2012年03月19日

配偶者の自尊感情

娘のAmiは、アスペルガーだろうと、多少手がかかろうと、無条件に可愛い。なんとしても力を尽くして、できるだけ本人の持ち味を活かし、できるだけストレスを減らして、社会に順応できるよう、親として精一杯、支援したいと思う。

発達障害の親は誰でもそうでなければならないなんて、思わない。いくら頑張っても、受け入れられず、前向きになれない親だっていると思う。それはそれで、仕方がないと思う。私の親なら、絶対に受け入れないだろう。そういう親を子どもが受け入れるのは、もっと難しいと思うけど。

でも。夫のアスペルガー的態度には、いつまで付き合えるかまったく自信がない。もちろん、夫がアスペ的であるとわかってから、家庭生活はマシになった。夫も心の奥底では何か感じているのだろう。多少、態度が軟化した。そして、私は私で、アスペ夫の妻本などから得た、乗りきり法みたいなものを自分なりに取り入れて、ある程度、かわしかたを実践できるようになってきた。

再び、でも。
釈然としない。
夫は、
「俺は違うよ」
「医者が経験だけで診断するんだって」
あくまで否定する。その言葉の裏に、「障害者」や「精神病患者」に対する差別感情があり、私に対する上から目線があのを感じる。
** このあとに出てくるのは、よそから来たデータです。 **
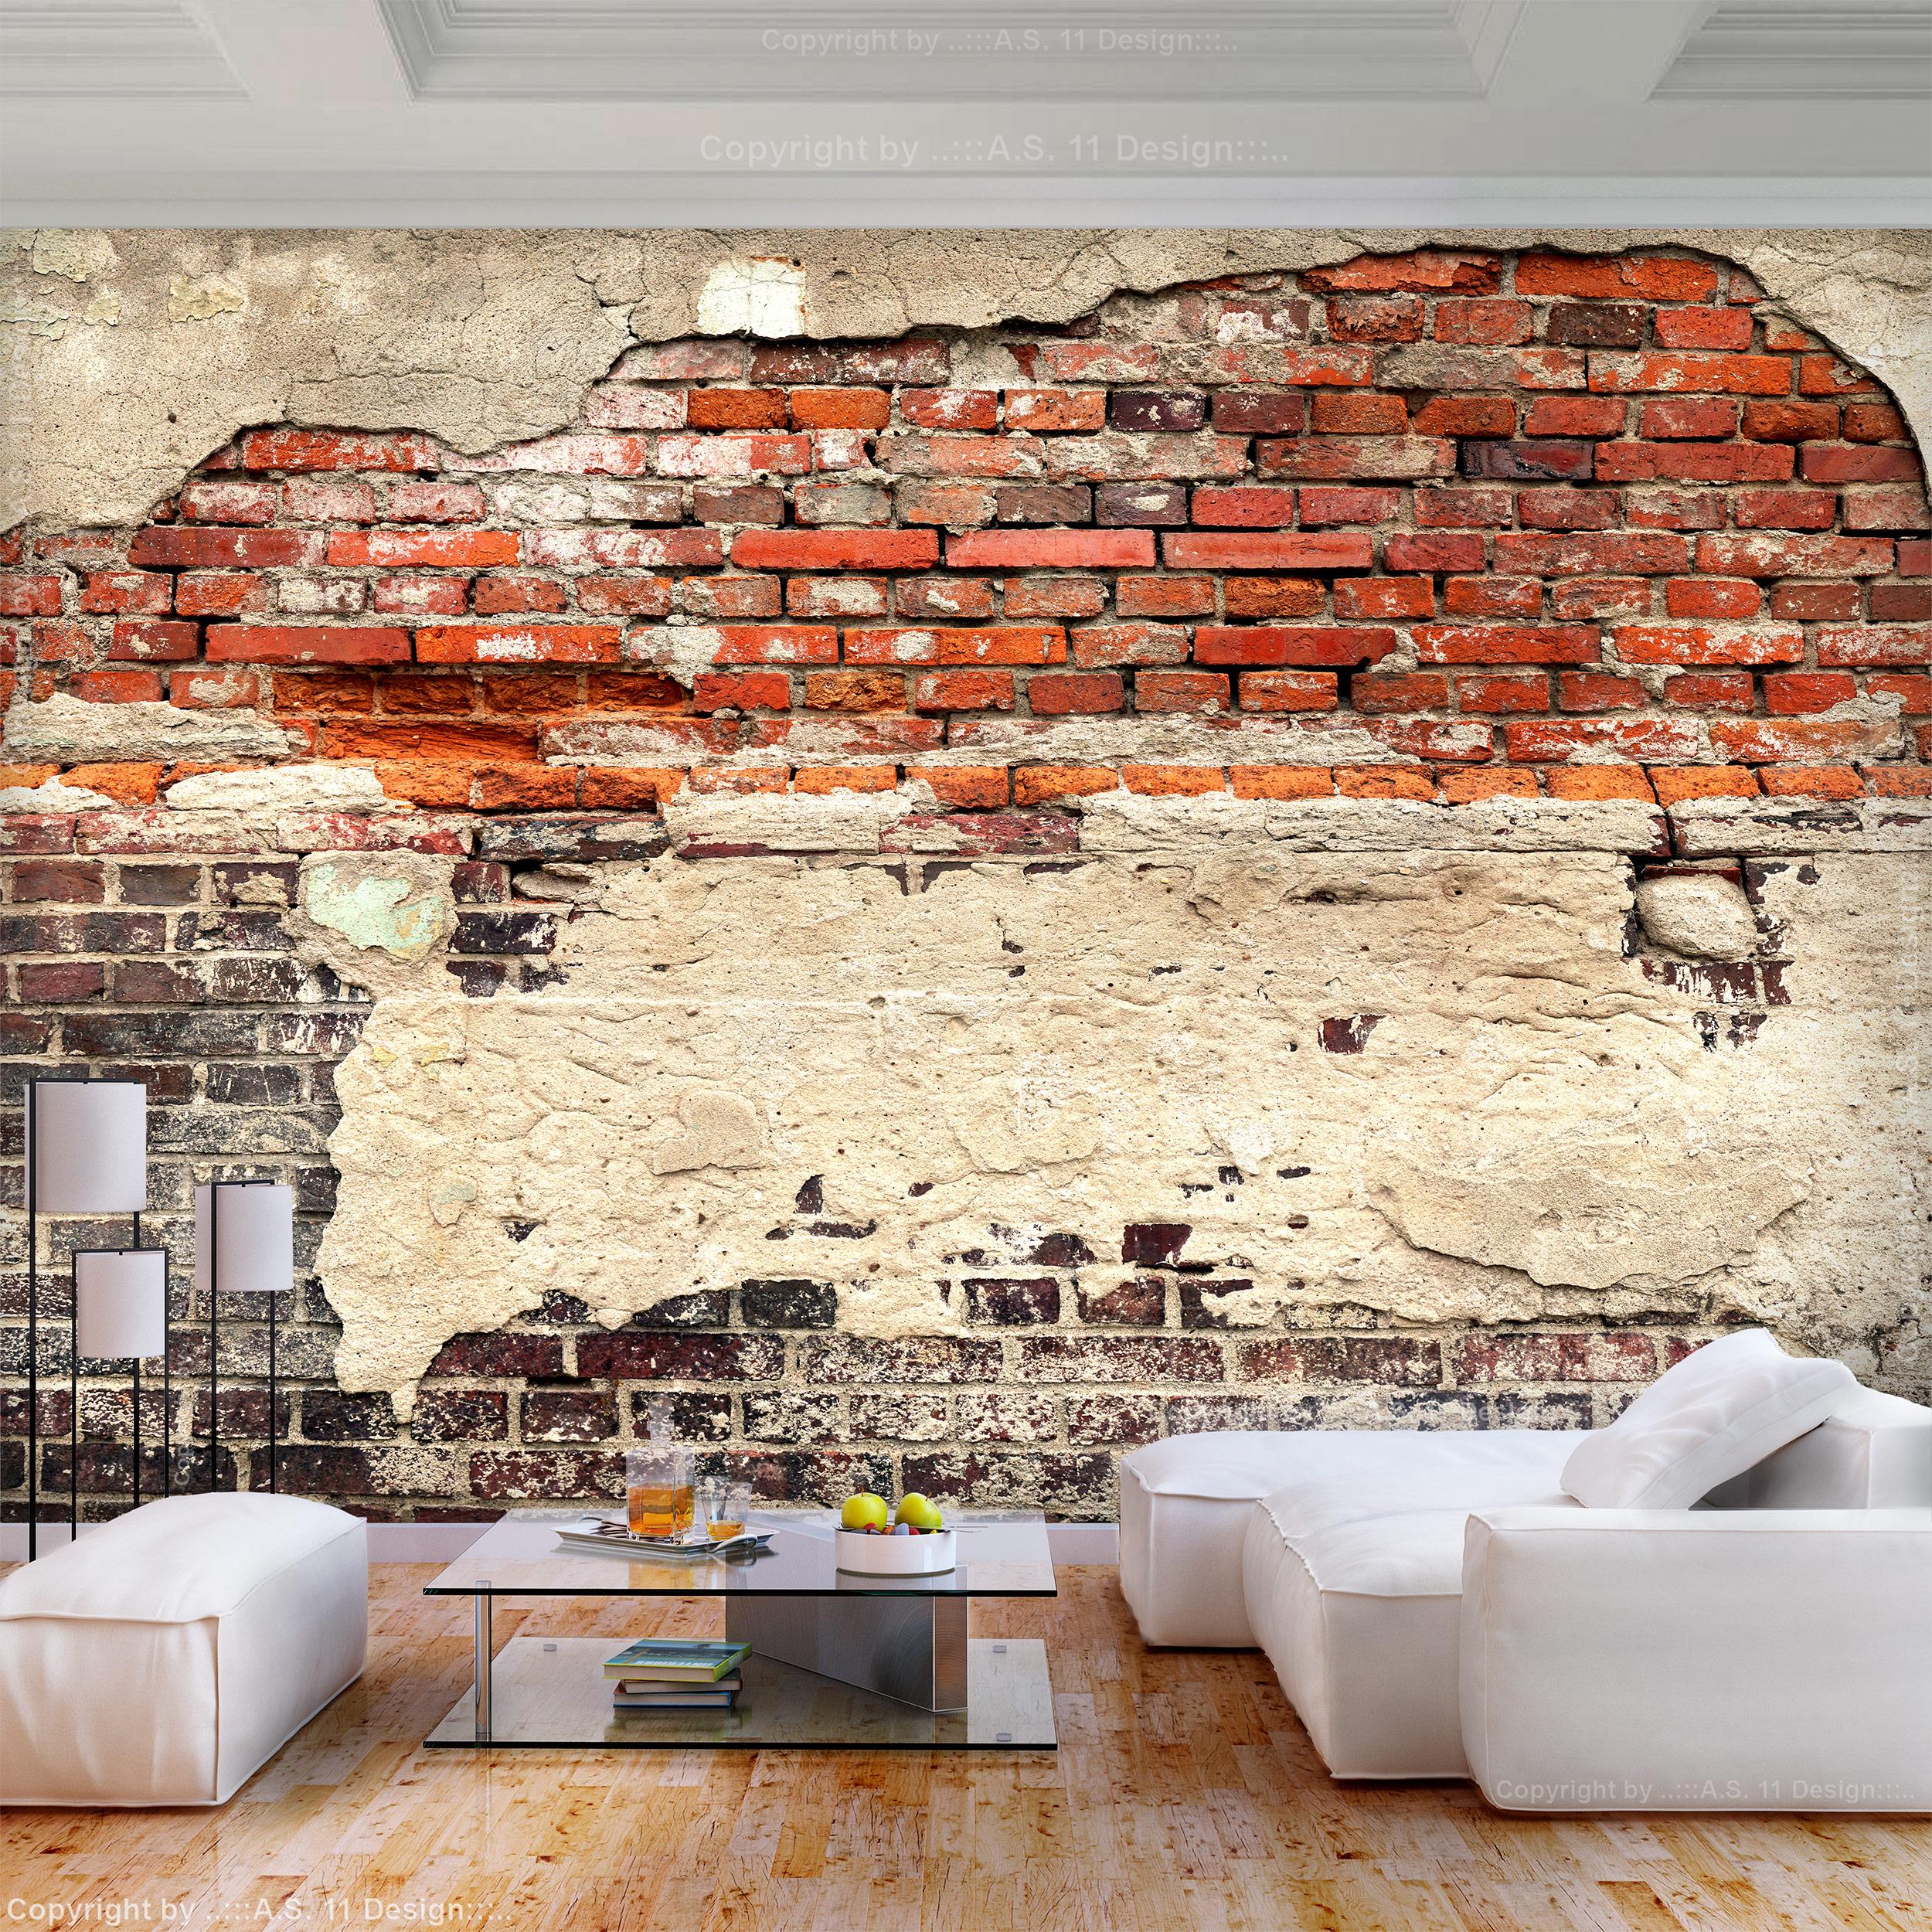 VLIES FOTOTAPETE Stein TAPETEN Mauer Zigel TAPETE Wandbilder xxl Wohnzimmer 3Far  eBay

最近読んだ本、佐々木正美著「アスペルガーを生きる子どもたちへ」はアスペルガーの子育てをする者には、とても勇気づけられるよい本なのだけれど、大人のアスペルガーに関する記述には、どうしても納得できない部分もある。

それは、
「アスペルガーの人たちは、誠実でまっすぐである」
という部分。

少なくとも、夫は、私や自分自身に対しては誠実ではない。
自分の弱さを認めることはしないし、脳の機能の違いによって生じる行き違いによって起きる不都合は、すべて自分以外に原因を求める。そういう姿勢を、果たして誠実と呼べるのだろうか?

アスペルガーの人の配偶者や子どもに対してよく言われることに、
「アスペルガーの人ができないことをやれというのは、目の見えない人に見ろ、耳の聞こえない人に聞け、足の悪い人に走れと言うようなもの」
という言葉がある。

子どもについては、その言葉はもっともだと思う。でも、大人の場合は?もちろん、理屈としては、その通りだと思う。できないことは、手伝う。譲る。そんなのは人間として当たり前のことだ。

でも。
三度目の、でも。

目の見えない人が、「自分は見えている」と言い張るだろうか。「目の悪い私が見えていないと言うのは、お前のほうがおかしい」と言うだろうか?見える人に手を貸す、あるいは見えない世界を共有するのが当然として、感謝することはないのだろうか?手を貸さない人

見えない世界を理解しようとしてもできない人を、バカにしておかしい人扱いをするのだろうか?

しないと思う。

健常者同士であっても、得意不得意があり、お互いに助け合い、譲り合い生きている。そういうときには、その時々に感謝しあい、労いの気持ちを持って接する。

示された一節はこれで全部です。